### Work to complete
Your task is to output the listing word for word, with pictures excluded.

### Given data
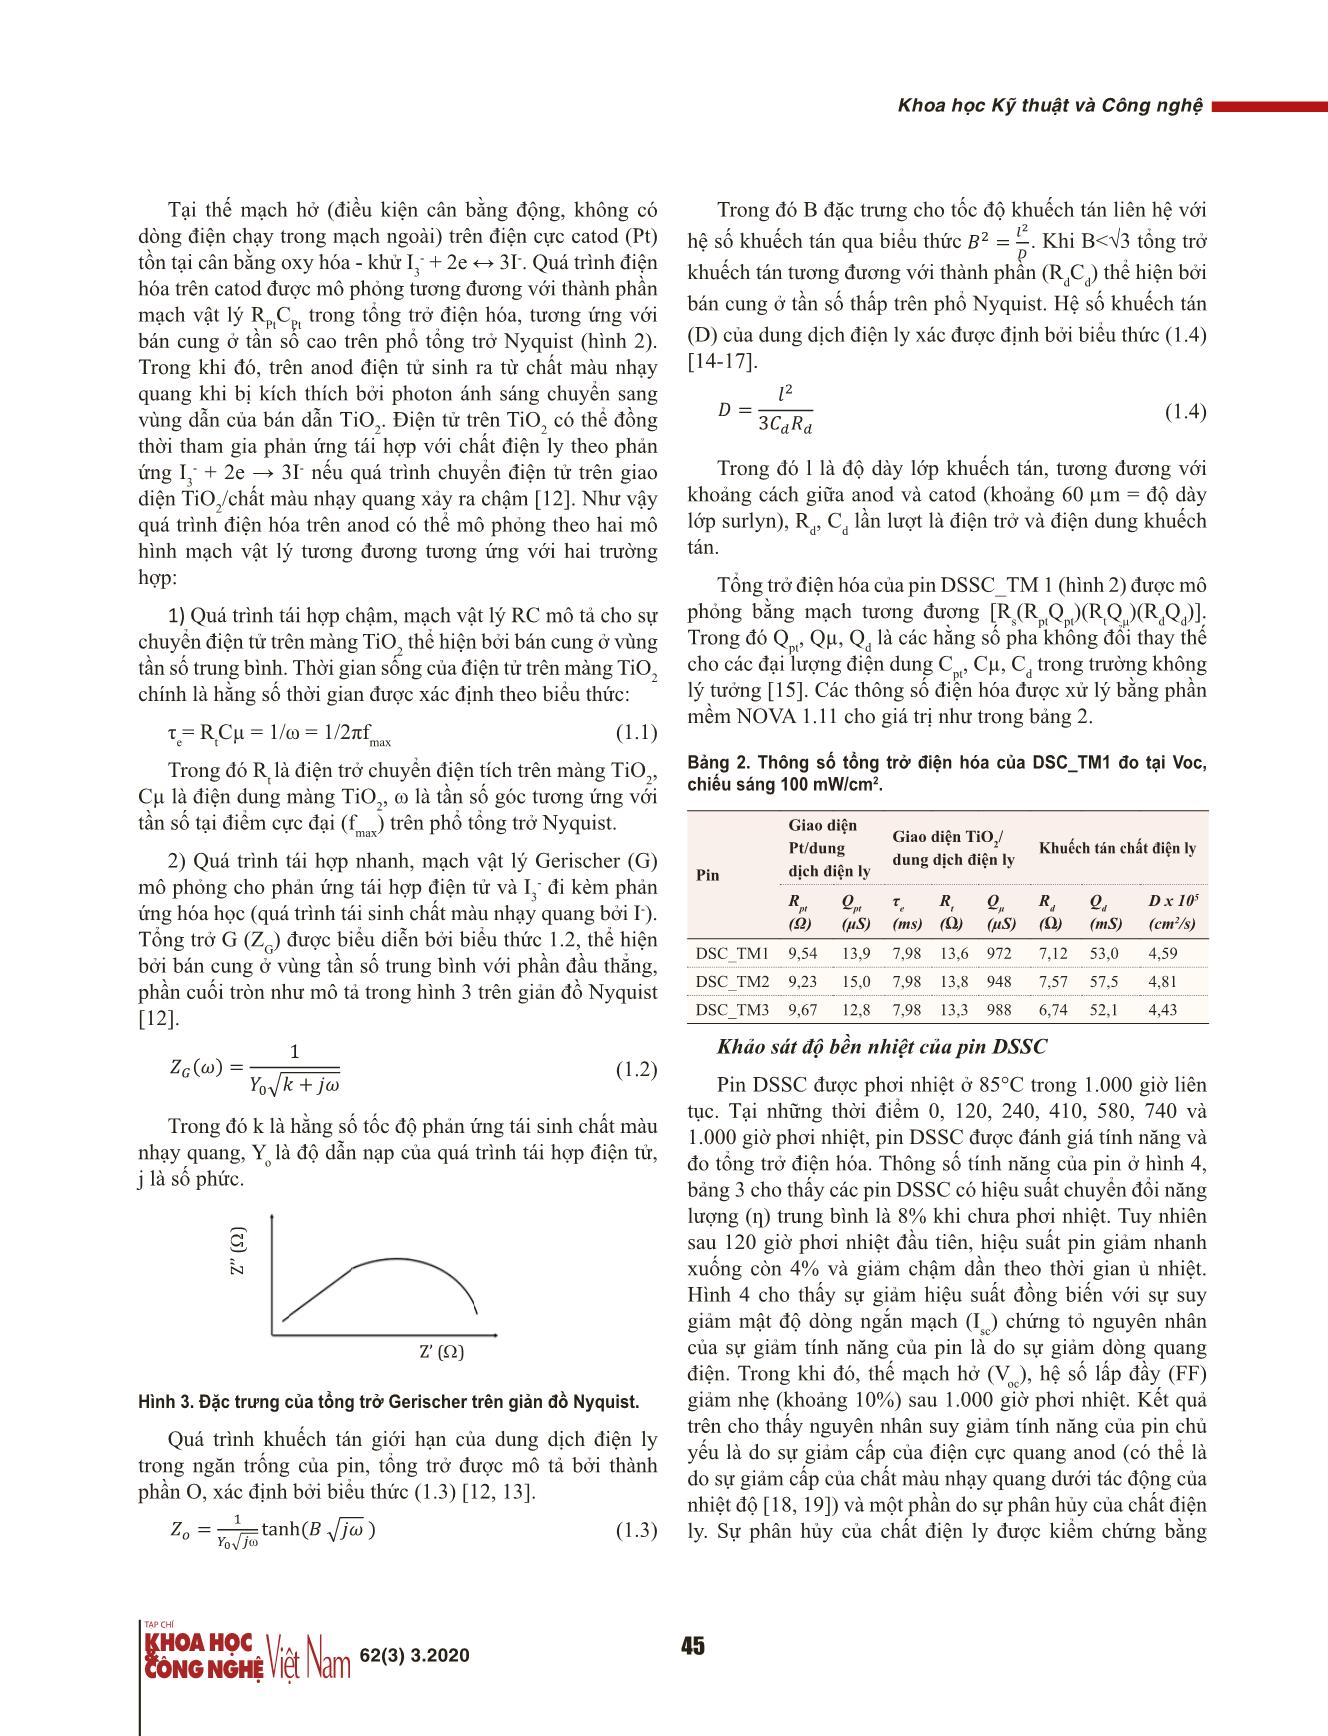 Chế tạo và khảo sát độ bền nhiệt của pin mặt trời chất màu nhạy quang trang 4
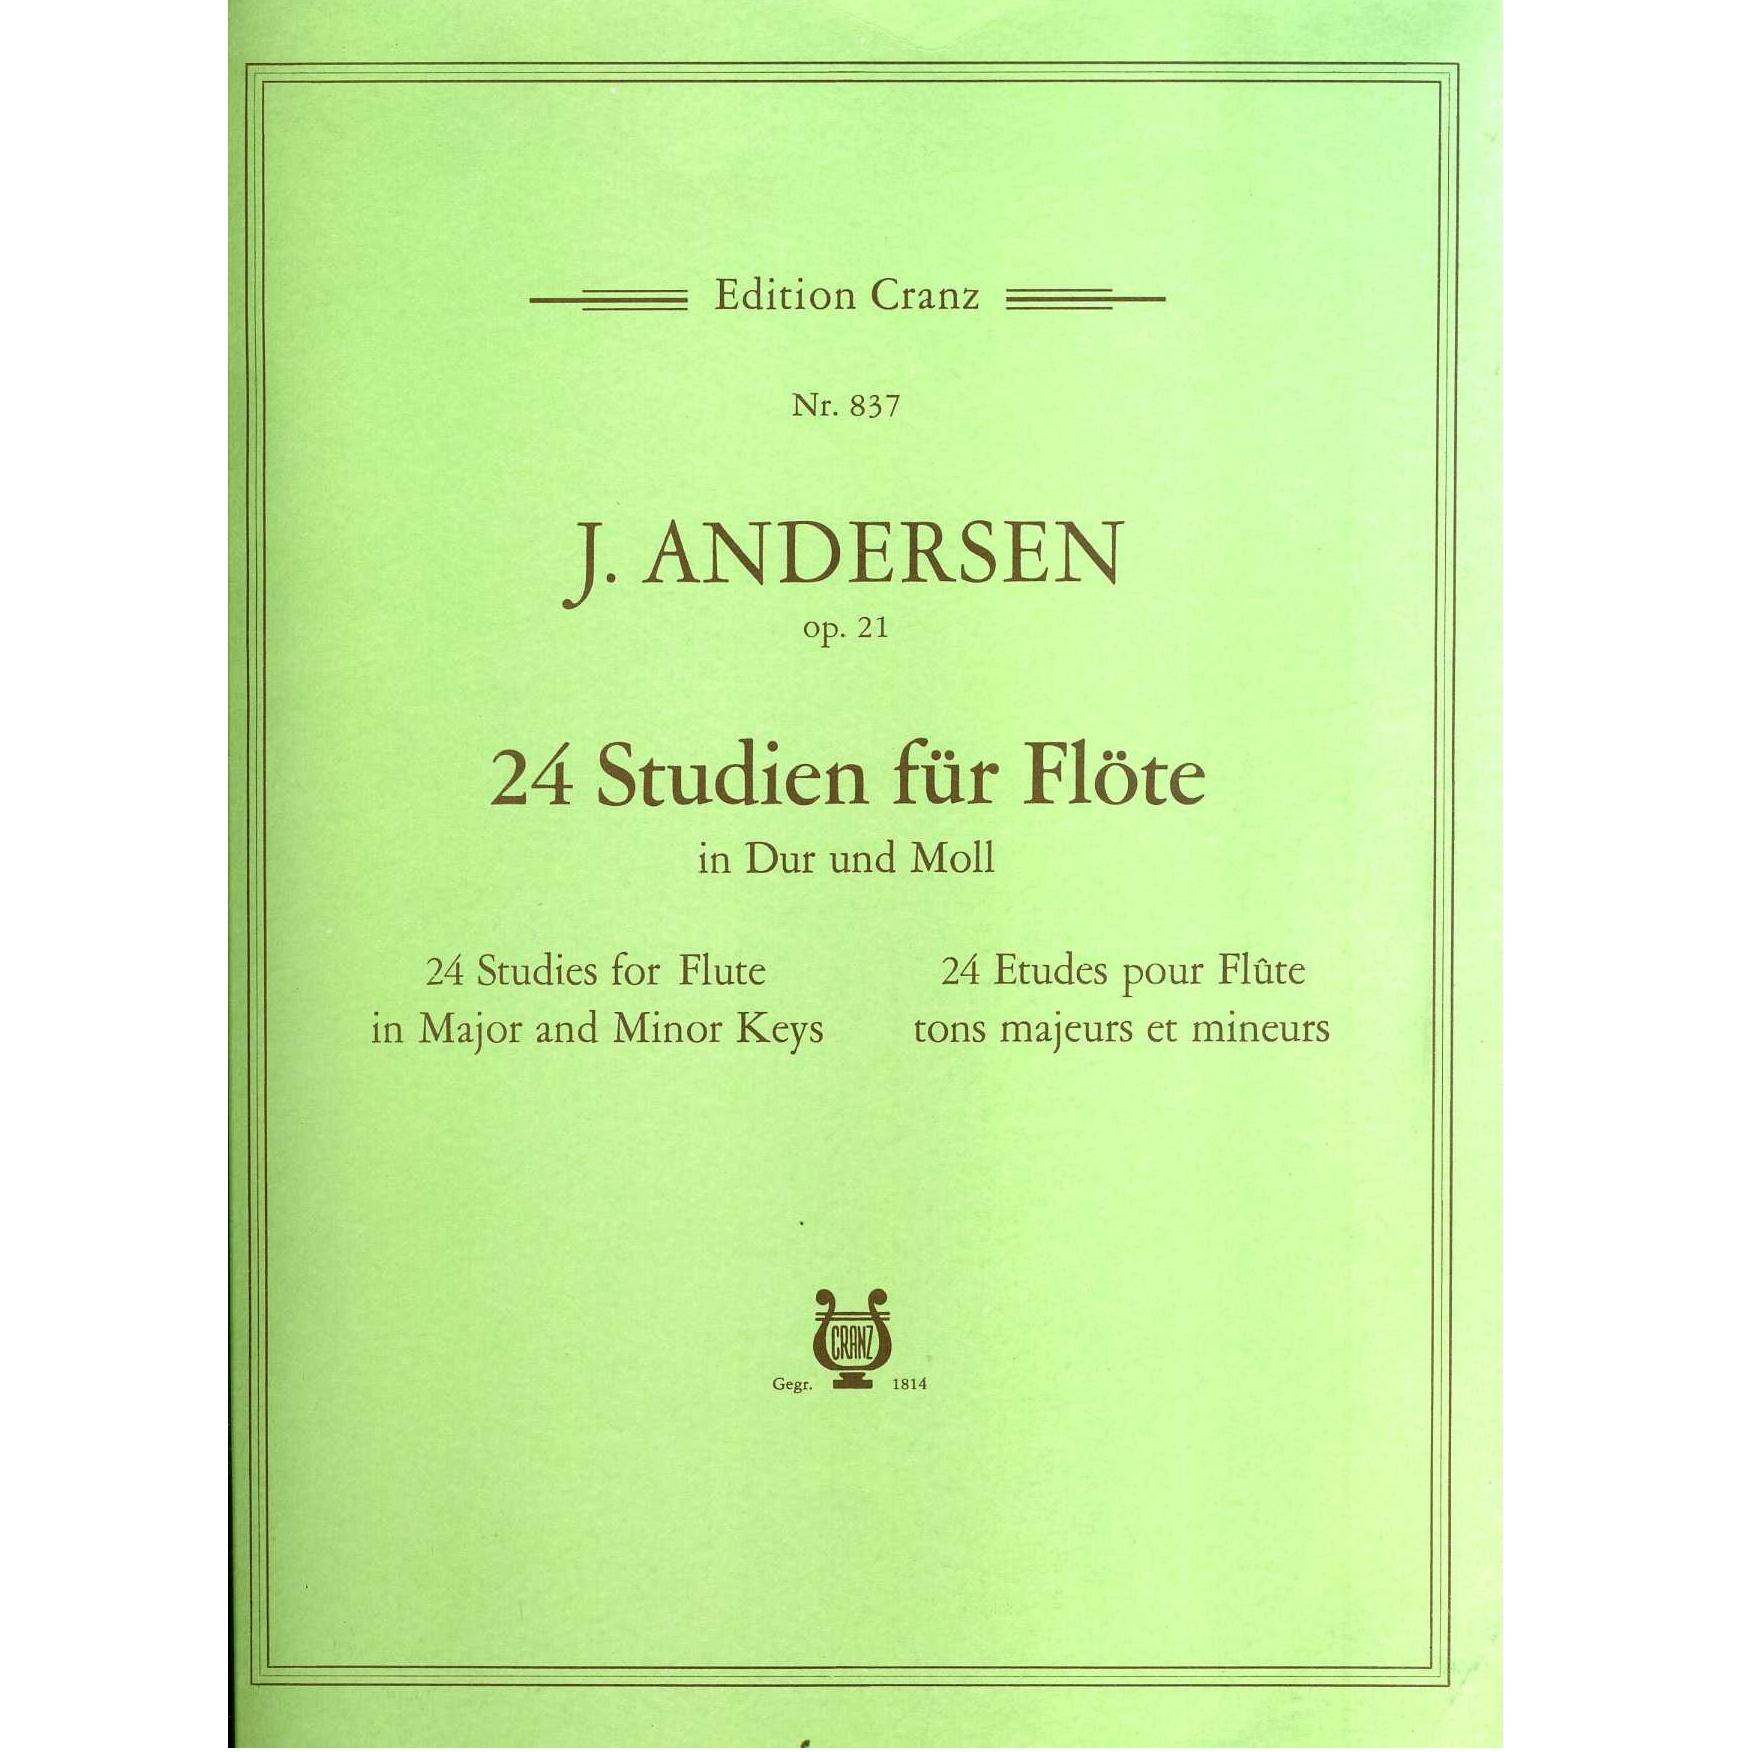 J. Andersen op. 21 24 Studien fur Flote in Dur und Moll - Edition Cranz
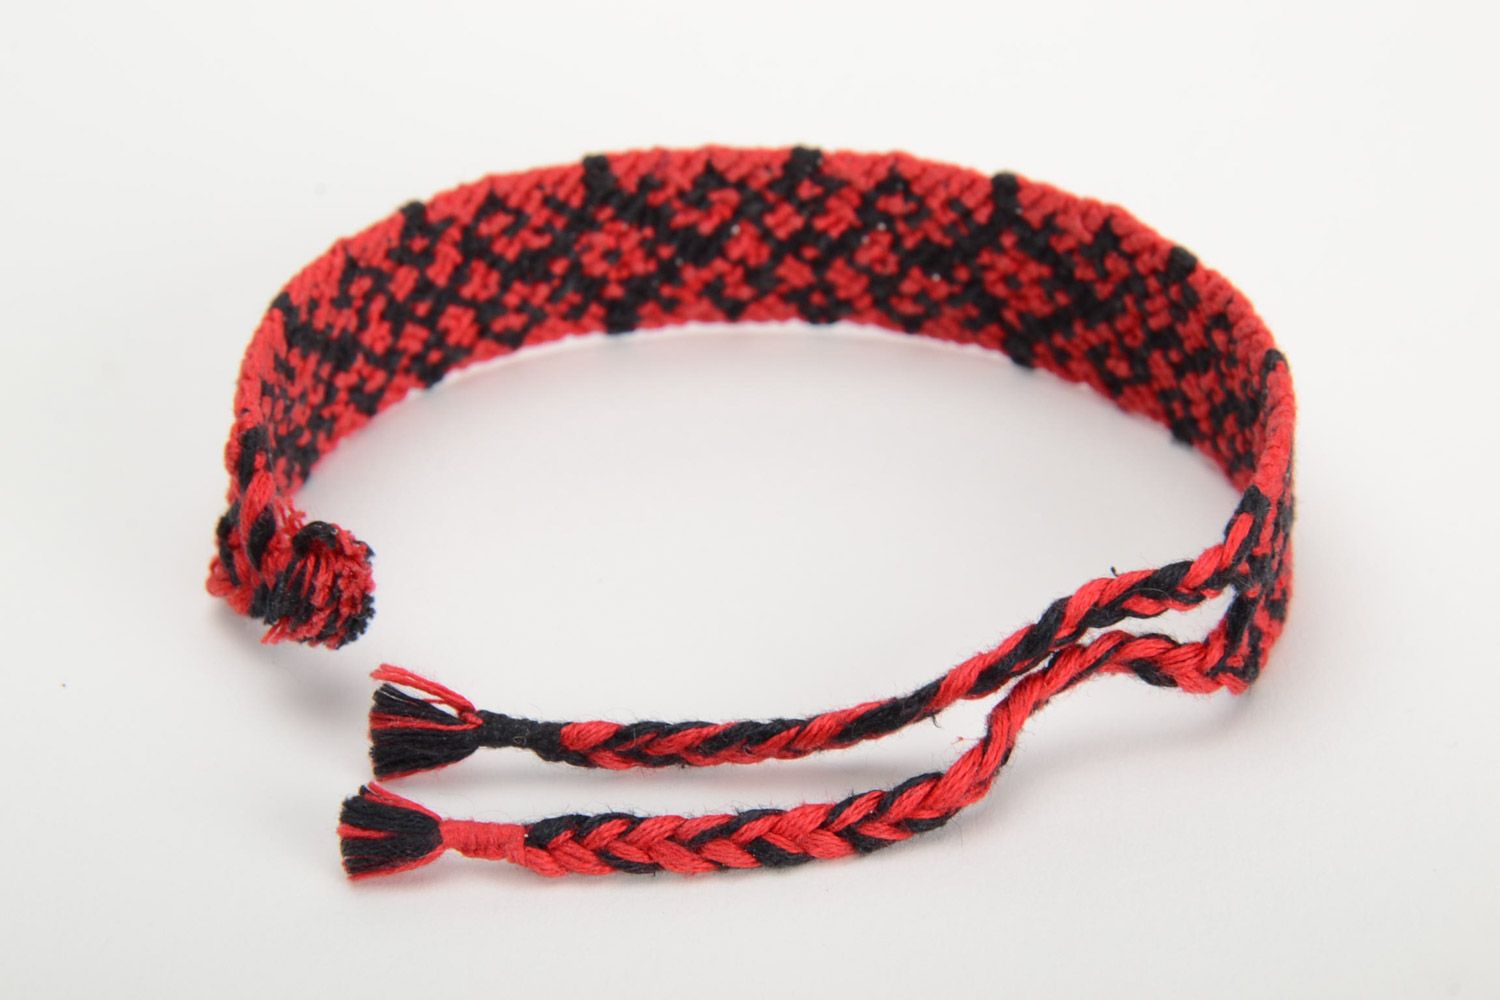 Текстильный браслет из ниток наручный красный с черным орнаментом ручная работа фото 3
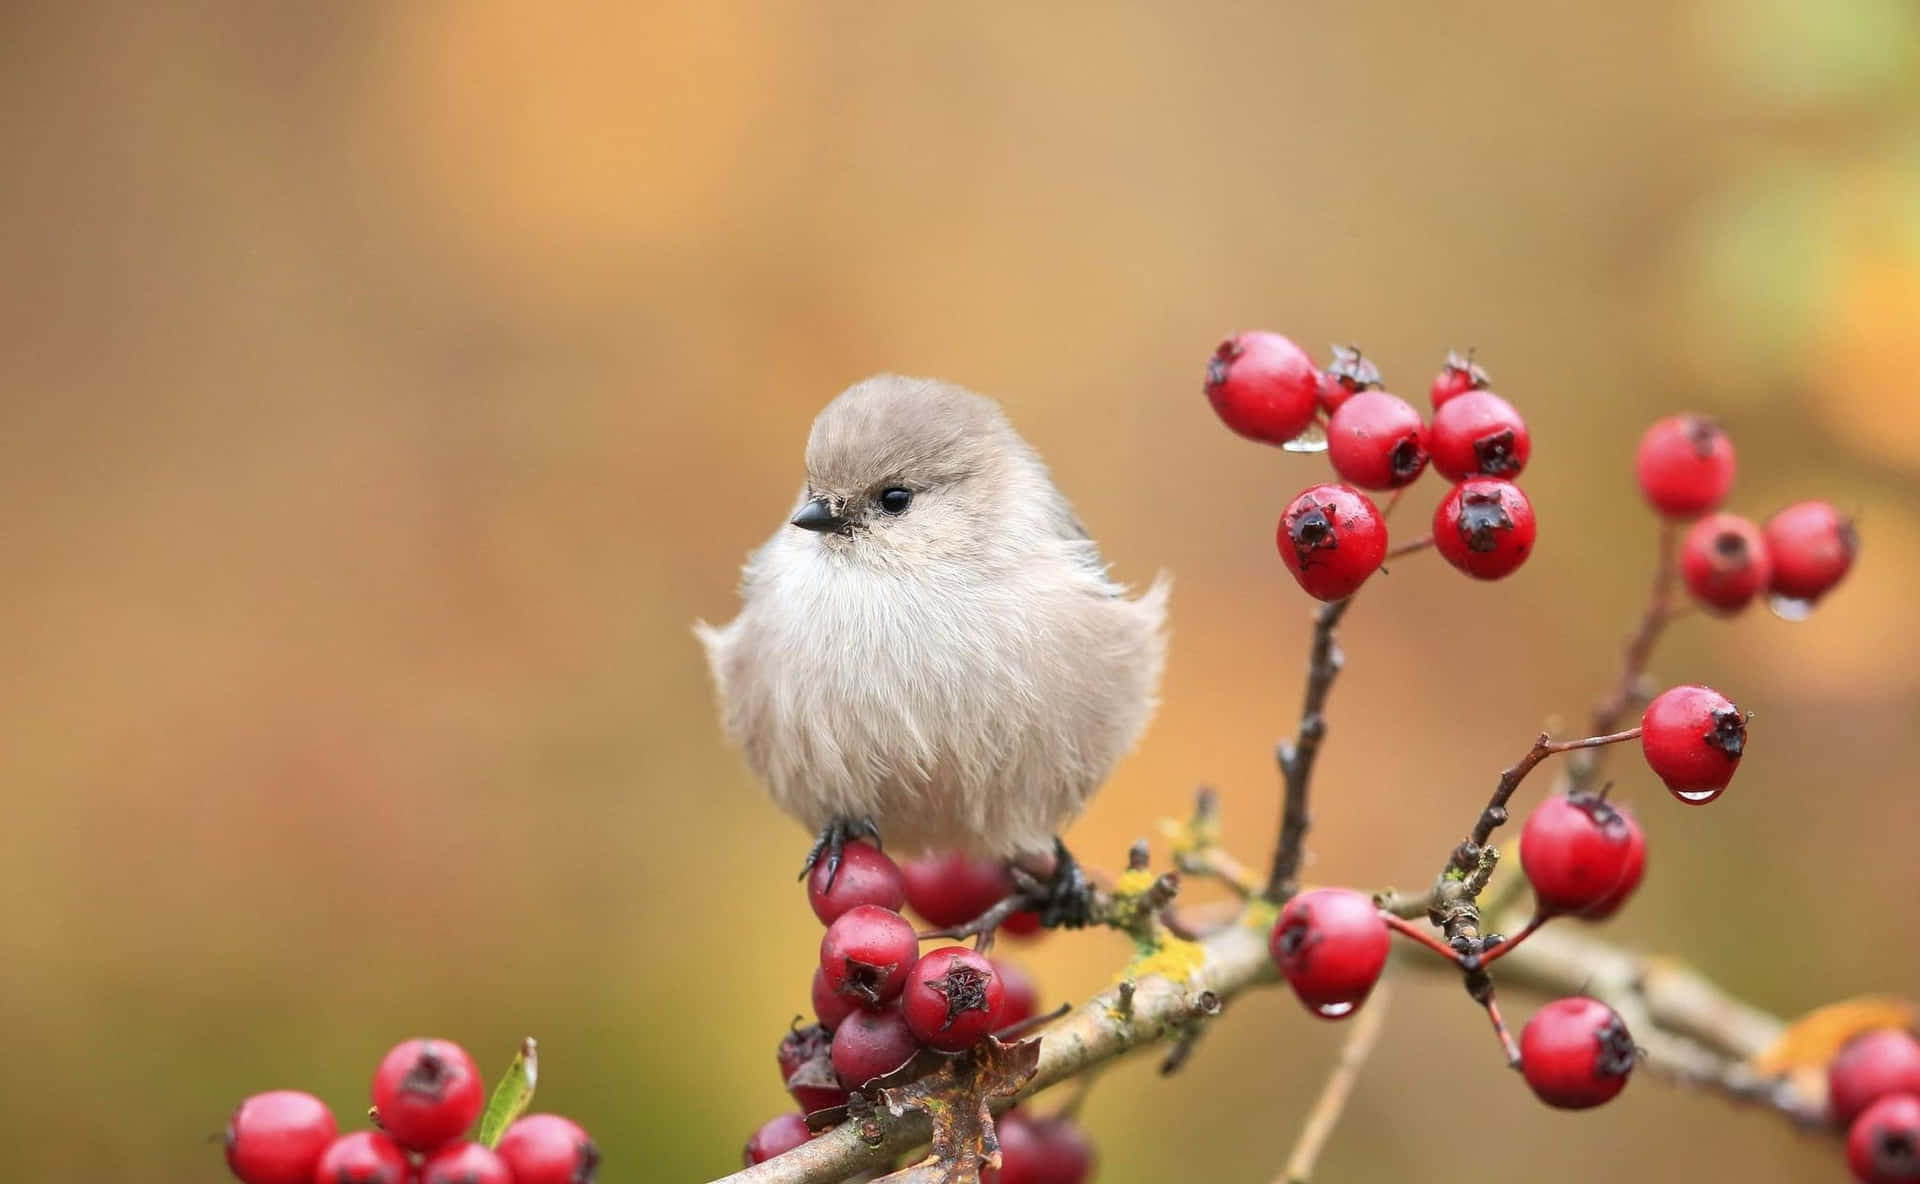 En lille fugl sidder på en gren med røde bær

### Response to this task
 Chế tạo và khảo sát độ bền nhiệt của pin mặt trời chất màu nhạy quang trang 4
 J. Andersen op. 21 24 Studien fur Flote in Dur und Moll - Edition Cranz
 Текстильный браслет из ниток наручный красный с черным орнаментом ручная работа фото 3
 En lille fugl sidder på en gren med røde bær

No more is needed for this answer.